Ainda conforme a entidade, além do indiciamento, a Justiça atendeu um pedido da PF e do Ministério Público Federal (MPF) e determinou o bloqueio de até R$ 38 bilhões de quatro contas pertencentes à empresa e também a outros investigados.

Chamada de operação Kryptos, a ação chega agora em sua fase final, tendo como alvo principal, além de Glaidson Acácio, sua mulher, a venezuelana Myrellis Zerpa, que hoje se encontra nos Estados Unidos.

De acordo com a Polícia Federal, ela é considera que ela é foragida. Já Glaidson está preso em uma unidade do sistema penitenciário de Gericino, na Zona Oeste do Rio.

Relembre o caso envolvendo as criptomoedas

MPF revelou no final de agosto que estava investigando se a empresa GAS Consultoria Bitcoin, companhia com o maior número de investidores na cidade de Cabo Frio, no Rio de Janeiro, vinha praticando golpes do tipo pirâmide financeira.

De acordo com o órgão, o foco era Glaidson Acácio, dono da empresa, alvo de uma denúncia há dois anos por possível prática do crime utilizando uma aplicação disfarçada em bitcoins, uma criptomoeda.

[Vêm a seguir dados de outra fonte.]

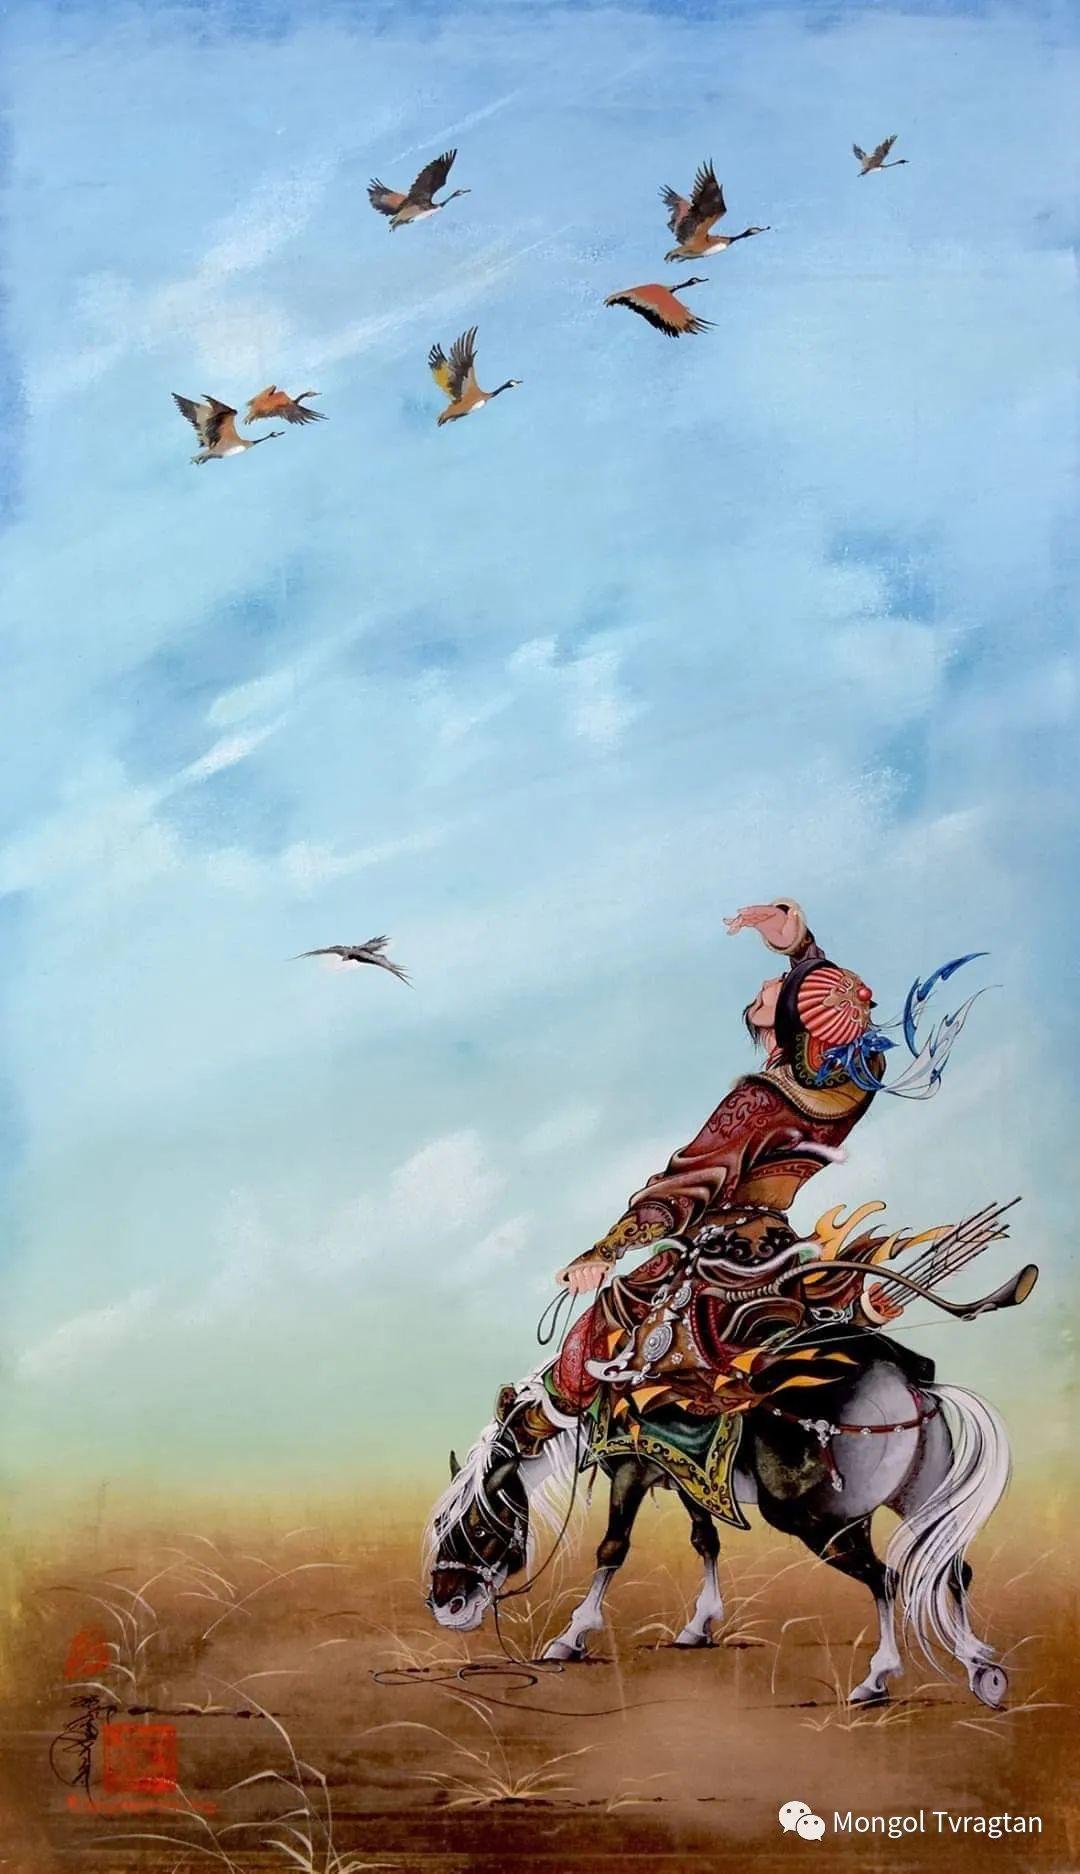 蒙古画家-- 拉哈仁亲 ᠤᠷᠠᠨ ᠵᠢᠷᠤᠭ-ᡀᠠᠭᠸᠠᠷᠢᠨᠴᠢᠨ 第1张

Segundo o órgão, Glaidson Acácio prometia lucros de 10% por mês nos investimentos em criptomoedas. Todavia, no fim das contas, as pessoas que entraram no negócio acabaram com prejuízos enormes, pois o empresário ficava com o dinheiro para si, ou seja, não fazia nenhum investimento.

Hoje, de acordo com a Polícia Federal, Glaidson se encontra preso por ser suspeito de praticar crimes como: contra o sistema financeiro, organização criminosa e lavagem dinheiro. Além disso, uma outra investigação, agora da Polícia Civil, apura delitos contra a economia popular, que é explorar o esquema de pirâmide e lavagem de dinheiro.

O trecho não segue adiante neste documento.